### Supplied information
----

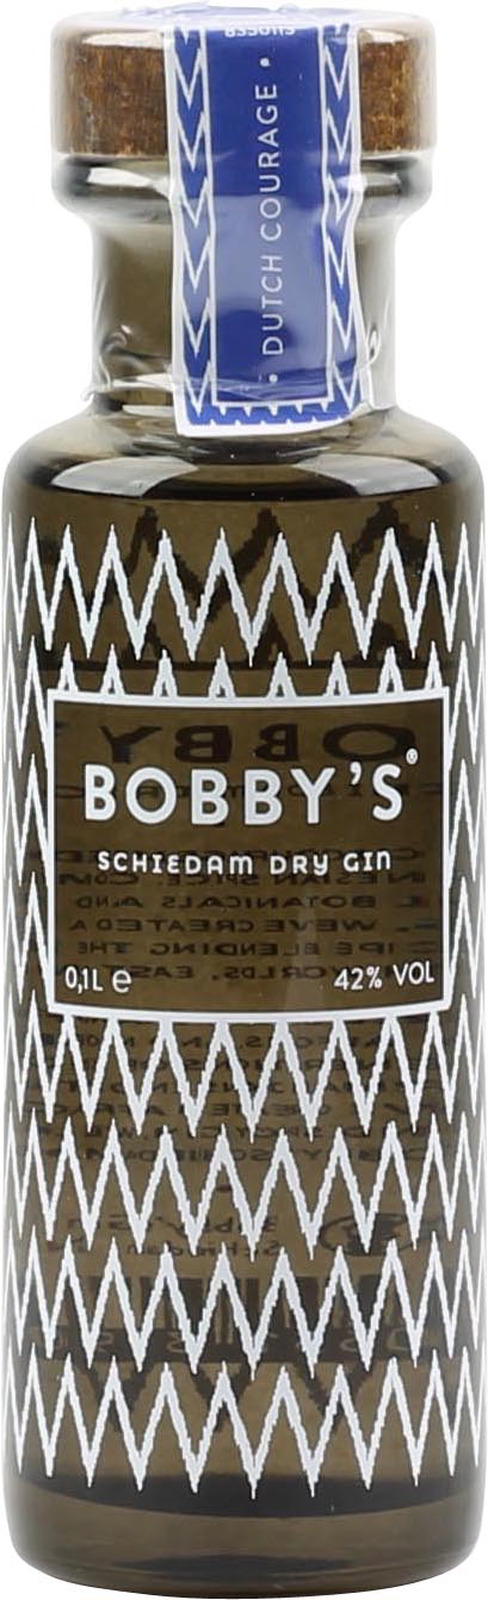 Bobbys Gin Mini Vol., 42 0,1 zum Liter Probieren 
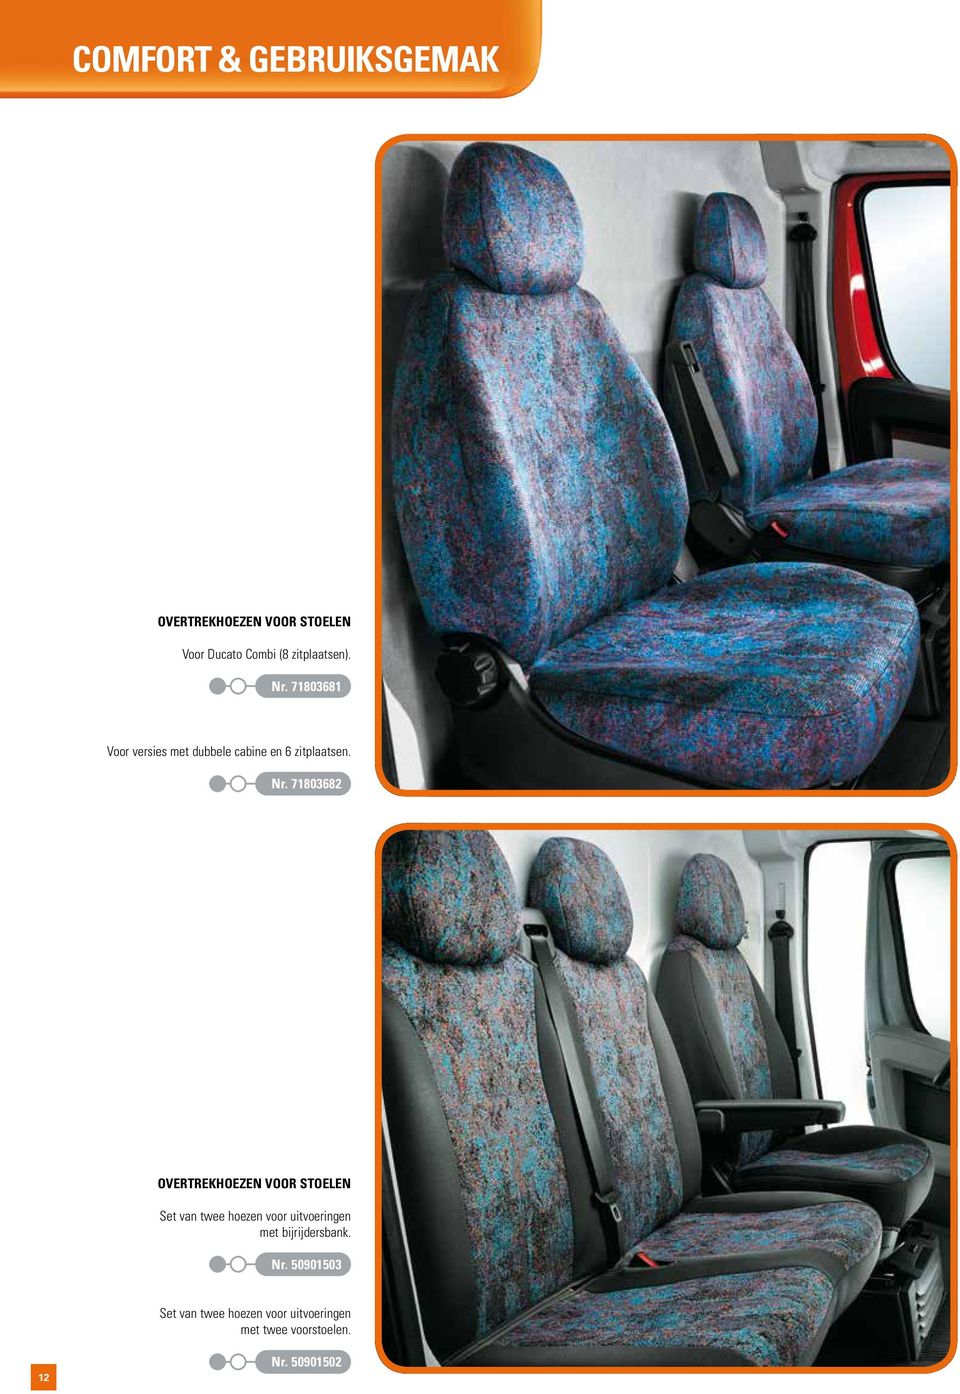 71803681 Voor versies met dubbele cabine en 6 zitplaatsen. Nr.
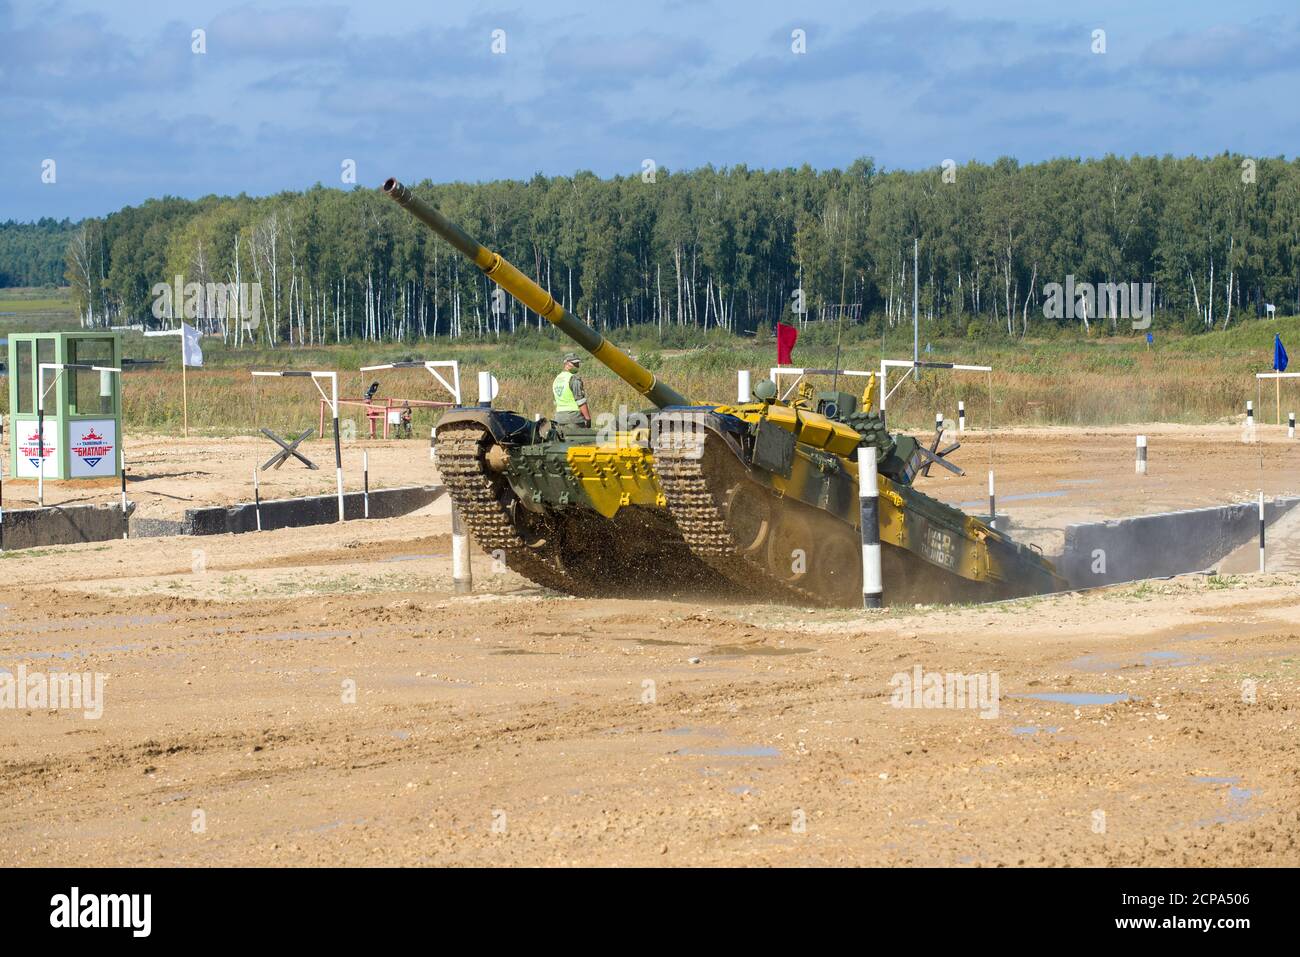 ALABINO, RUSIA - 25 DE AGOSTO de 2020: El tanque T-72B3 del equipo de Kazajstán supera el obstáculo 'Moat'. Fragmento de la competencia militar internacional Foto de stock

----

### Your assignment
Repeat every line above exactly, minus the pictures.

### Result of the task
 Bobbys Gin Mini Vol., 42 0,1 zum Liter Probieren 
 71803681 Voor versies met dubbele cabine en 6 zitplaatsen. Nr.
 ALABINO, RUSIA - 25 DE AGOSTO de 2020: El tanque T-72B3 del equipo de Kazajstán supera el obstáculo 'Moat'. Fragmento de la competencia militar internacional Foto de stock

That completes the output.